In a statement, Save the Children said the move would help “half a million parents” in England and Wales to stay “in work and out of poverty”.

Currently, the Department of Work and Pensions (DWP) will only reimburse parents and guardians for 85% of their childcare costs through their Universal Credit payments once it receives proof that they have been paid. paid - rather than when charges are incurred (file image)

Currently, the Department of Work and Pensions (DWP) will only reimburse parents and guardians for 85% of their childcare costs through their Universal Credit payments once it receives proof that they have been paid. paid – rather than when charges are incurred (file image)

Becca Lyon, responsible for the campaigns against child poverty of the association, declared: “For years, parents have told us that the system is unfair and forces them to go into debt, to face financial difficulties. or even to quit their job altogether because they cannot afford to pay for child care or daycare in advance.

“As we emerge from the pandemic and the economy begins to recover, access to child care is particularly important to jumpstart the economy.

“We look forward to working with Nichola and the DWP to ensure this change is implemented quickly and in the best possible way for families. ”

At a hearing in November last year, the court heard that about 83% of households receiving the universal credit child care component are single parents and 90% of single parents are single parents. women.

Chris Buttler, representing Ms Salvato, said the current situation was a “catch-22” for parents that excludes them from the workforce.

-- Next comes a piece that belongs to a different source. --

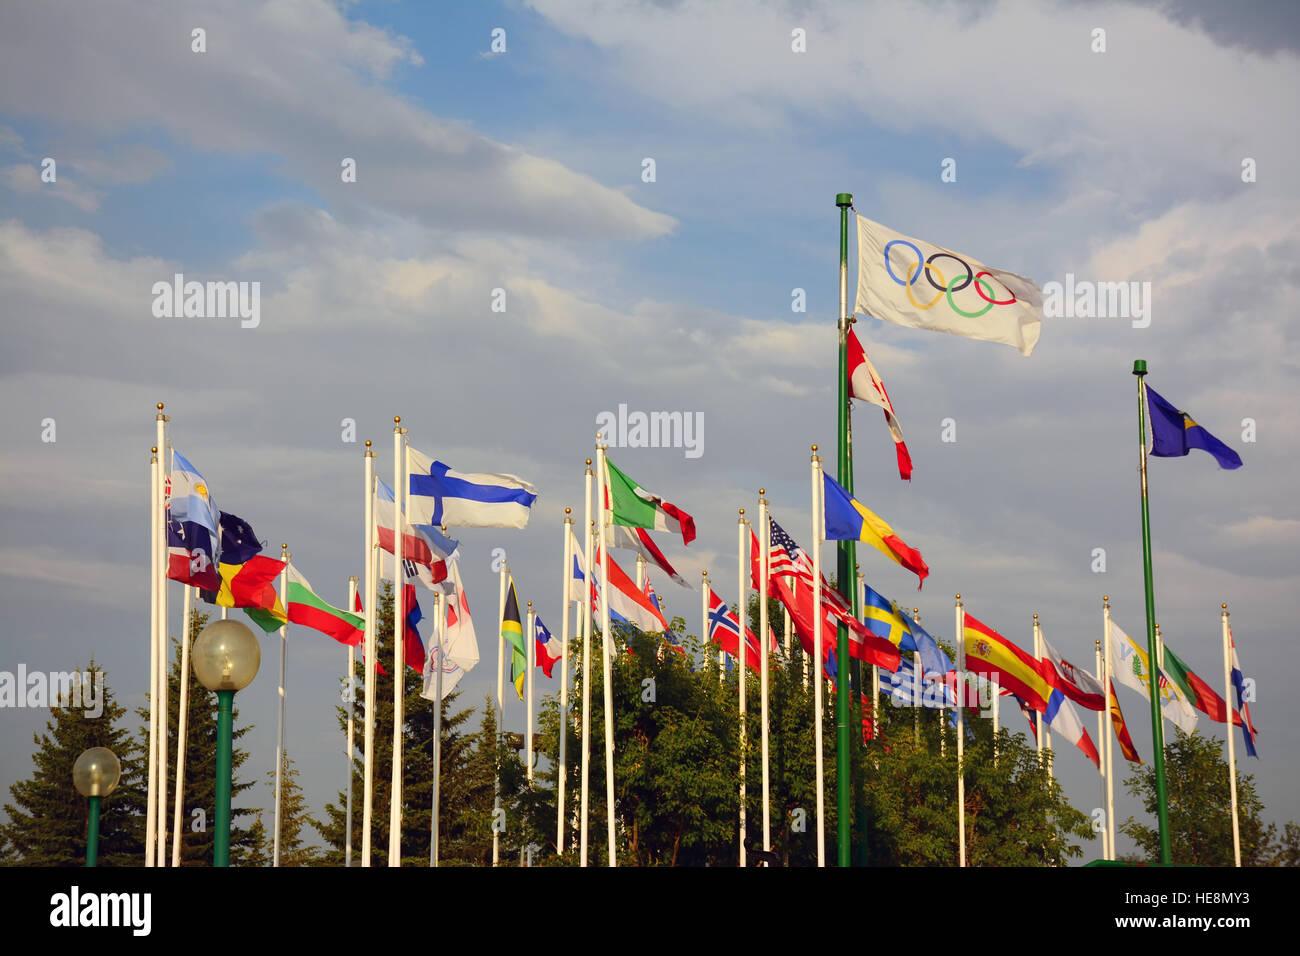 Bandiere internazionali a Calgary, Canada Immagini Stock

He argued that the way childcare payments are currently made undermines Universal Credit’s goal of “encouraging and supporting parents looking to move into or advance in the workplace.”

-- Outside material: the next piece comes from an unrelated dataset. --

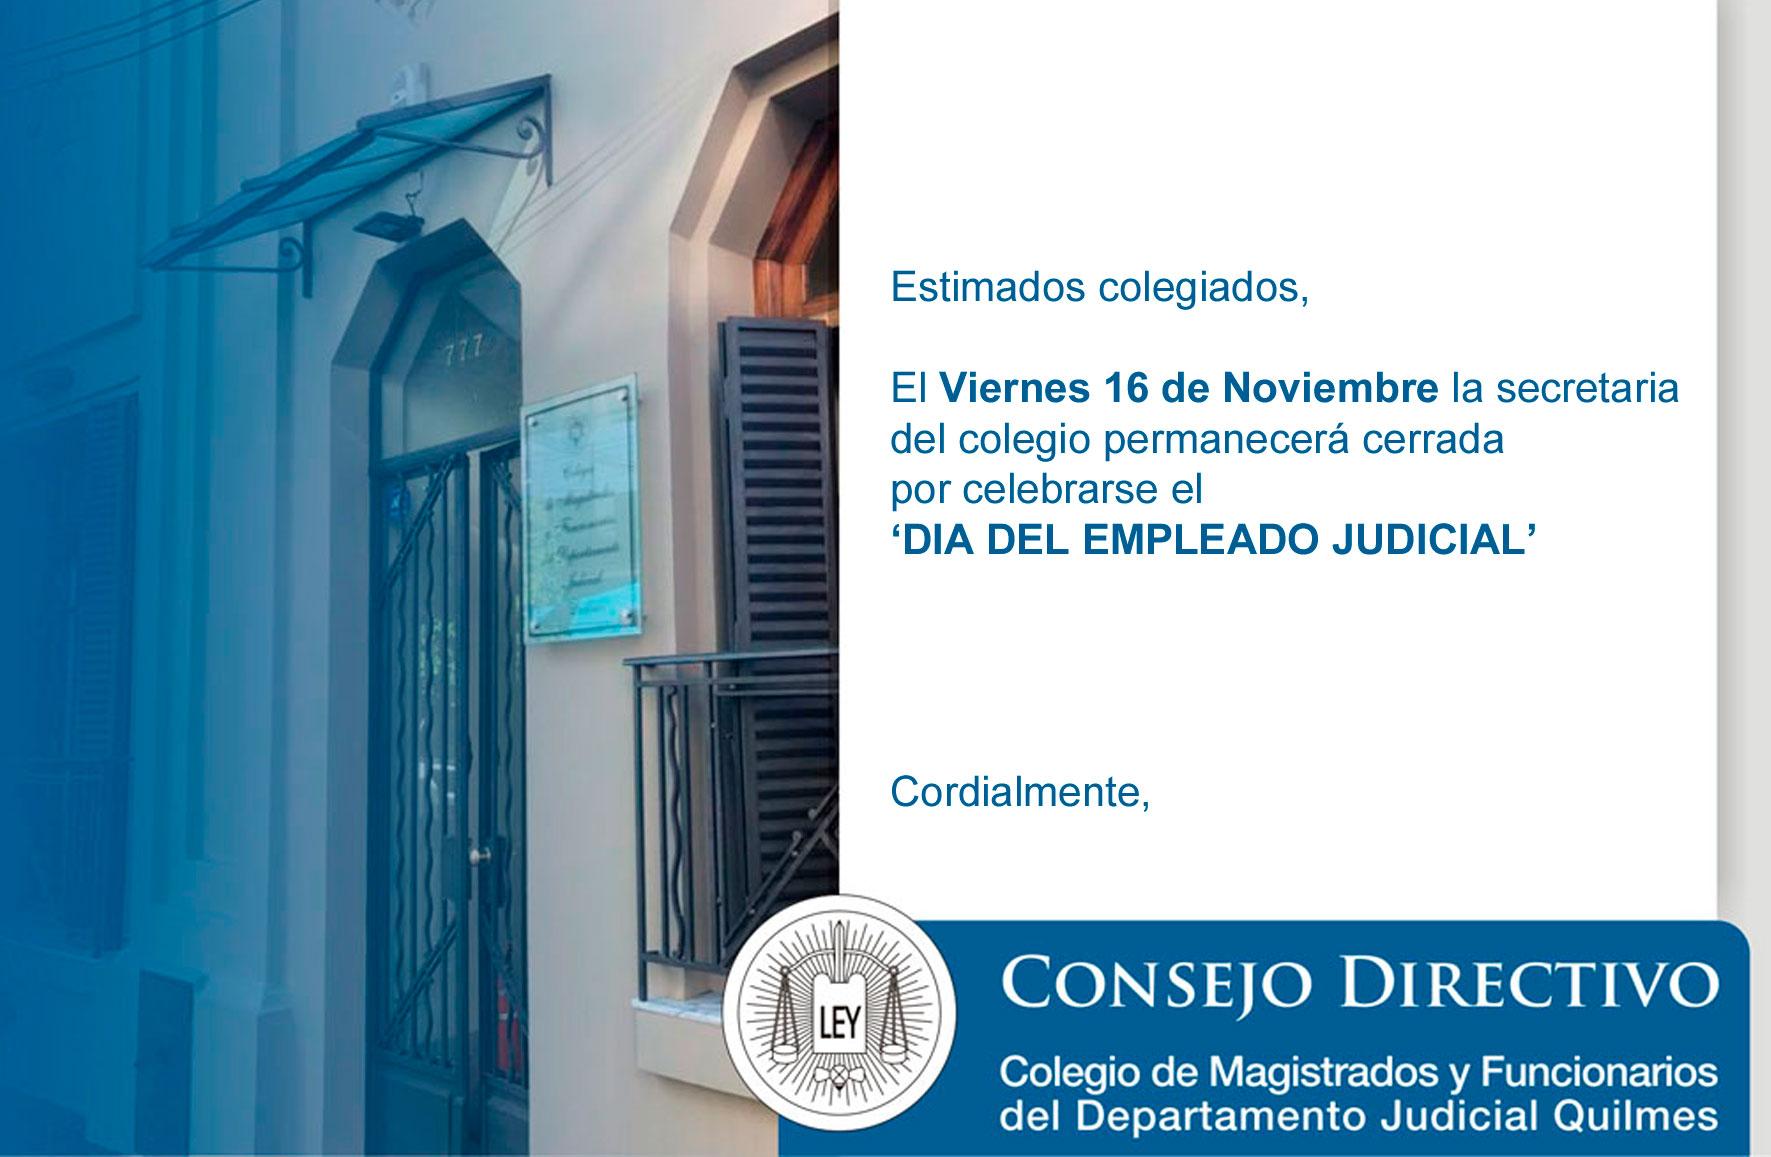 ¡Importante! //Viernes 16-11//Secretaría cerrada

The DWP argued that the universal credit system was designed to reduce errors and fraud, which was a big problem for the previous benefit system, and said paying child care expenses was “beneficial. for women”.

The judge said the policy was to

The judge said the policy was to “have a greater negative effect on women” because women earn “considerably less” than men. Pictured: Therese Coffey, Work and Pensions Secretary

But the judge concluded that the fight against fraud did not justify the discriminatory effect of the proof of payment policy.

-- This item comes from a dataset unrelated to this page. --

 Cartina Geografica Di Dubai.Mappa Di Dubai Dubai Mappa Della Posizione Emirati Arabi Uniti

He said it would be “more accurate” to say that reimbursement of childcare costs went “to some extent to address significant structural inequality” – that women make up the “vast majority” of those whose access to work depends on the ability to pay for childcare.

Attorney Carolin Ott of the Leigh Day law firm, who represented Ms Salvato, said: “Universal credit was designed to help parents enter or advance in work.

“Yet our client, like thousands of others, found herself unable to pay for child care in advance, faced serious difficulties and forced to reduce her working hours.

“The Secretary of State pledged to take a ‘test and learn’ approach to deploying universal credit, but declined to listen to the many activist organizations and individuals who have raised this issue for several years.

“Our client hopes that the Secretary of State will accept the decision and take urgent action to remedy this perverse situation which, as the court noted, is a barrier to work and has disproportionately detrimental effects on women.”

A DWP spokesperson said: “This is currently a court case and the Secretary of State is appealing this decision.”